▶ **What is being asked**
Repeat exactly, and only, the lines from the line bearing "Egyptian Cotton Double" through the end of the material. Do not copy the pictures.

▶ **Data block**

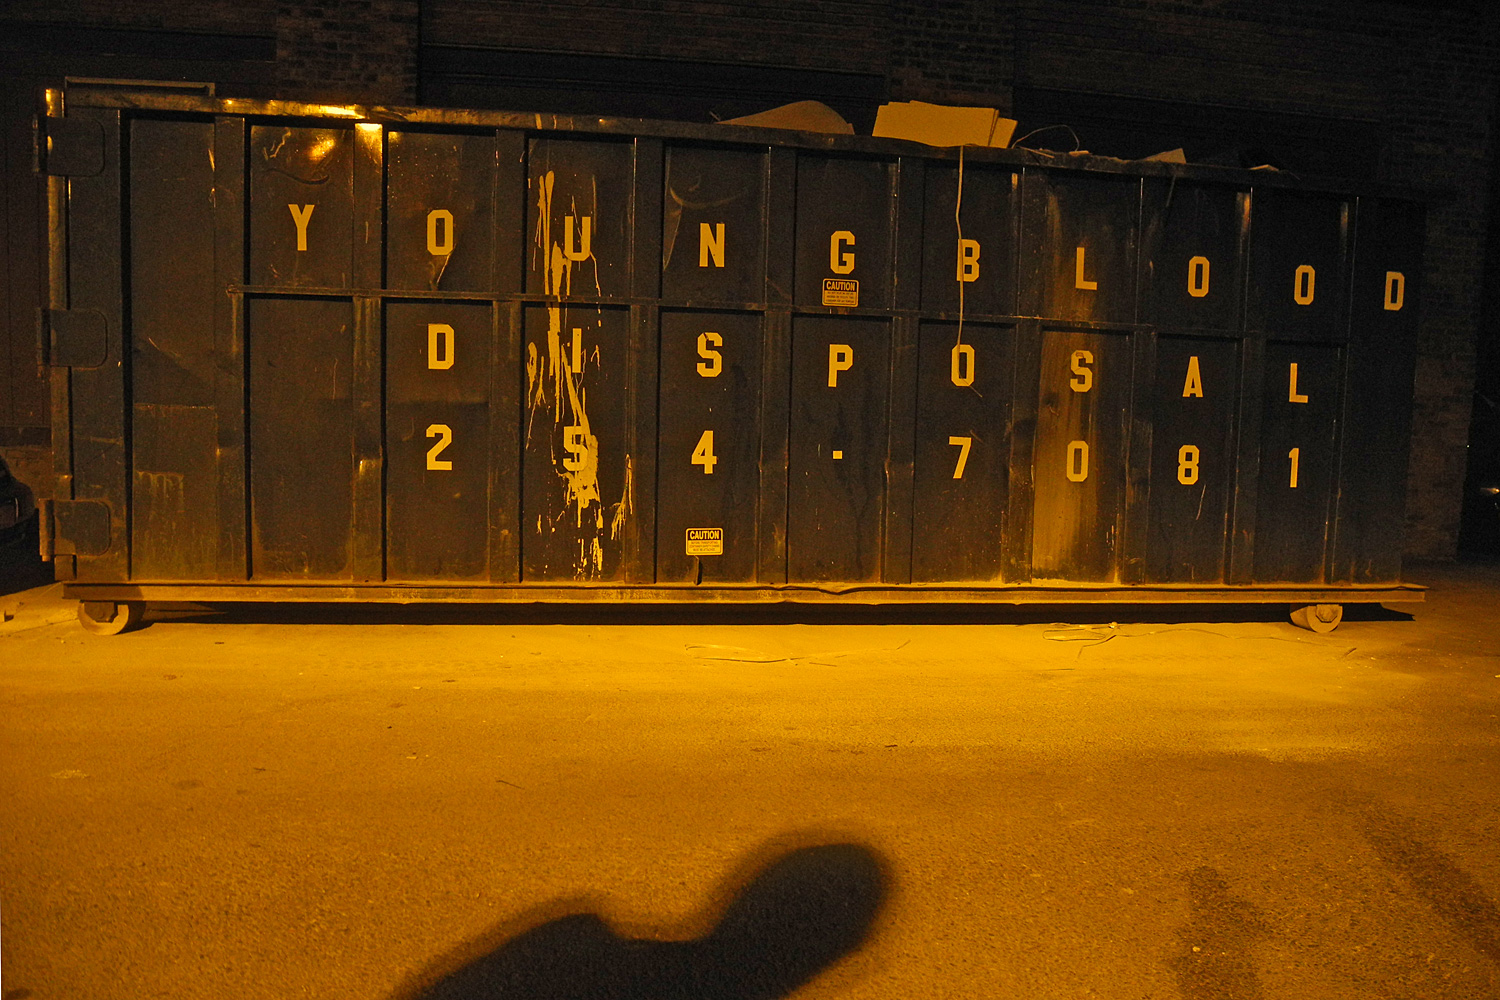 Dumpster 16, ongoing series of dumpster photos by Paul Dodd
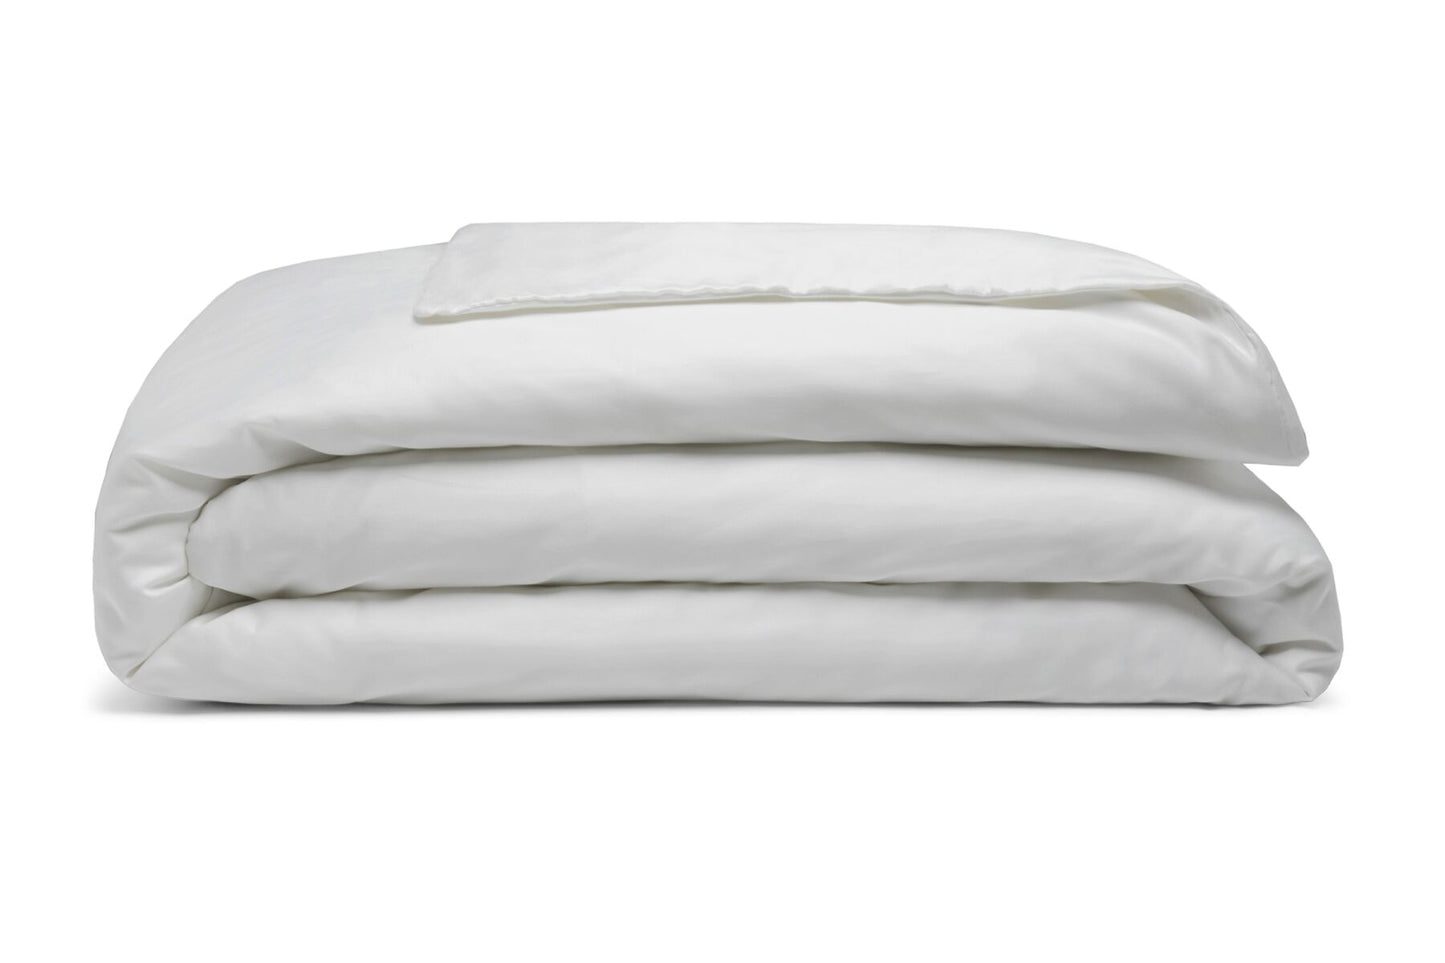 Egyptian Cotton Double Island shape Bedding pack
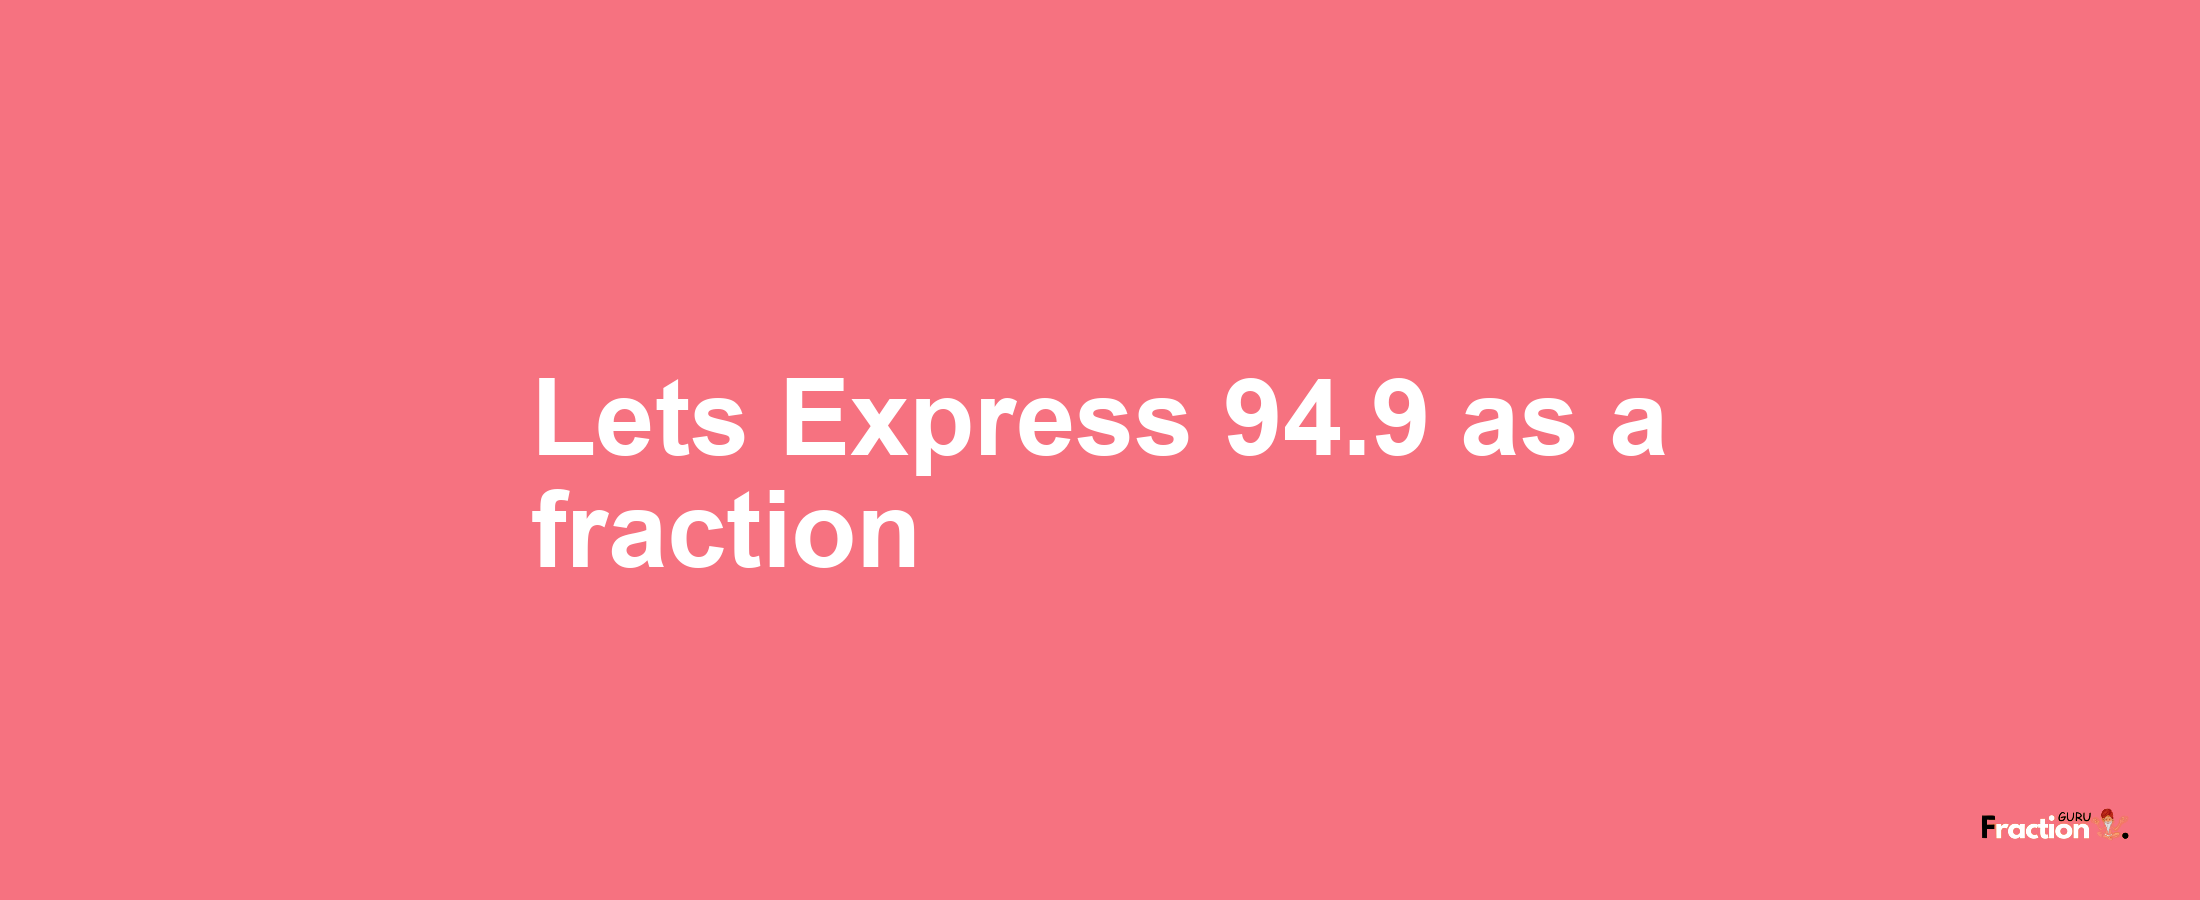 Lets Express 94.9 as afraction
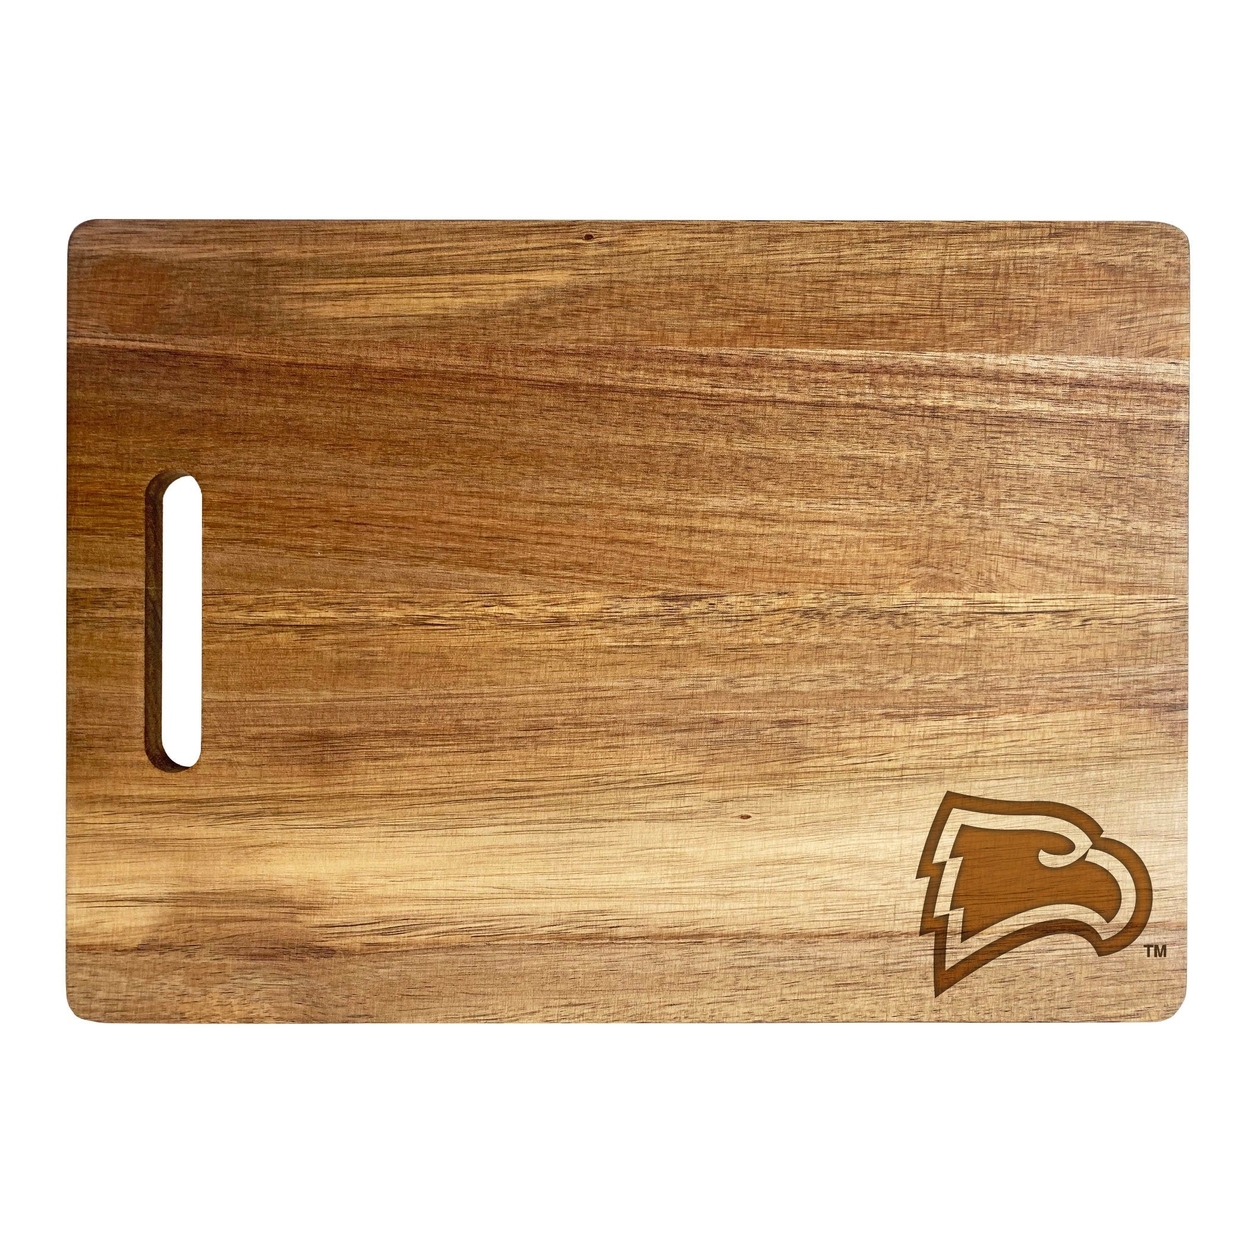 Winthrop University Engraved Wooden Cutting Board 10 X 14 Acacia Wood - Small Engraving

▶ **Response to the task**
 Egyptian Cotton Double Island shape Bedding pack
 Lets Express 94.9 as afraction
 Winthrop University Engraved Wooden Cutting Board 10 X 14 Acacia Wood - Small Engraving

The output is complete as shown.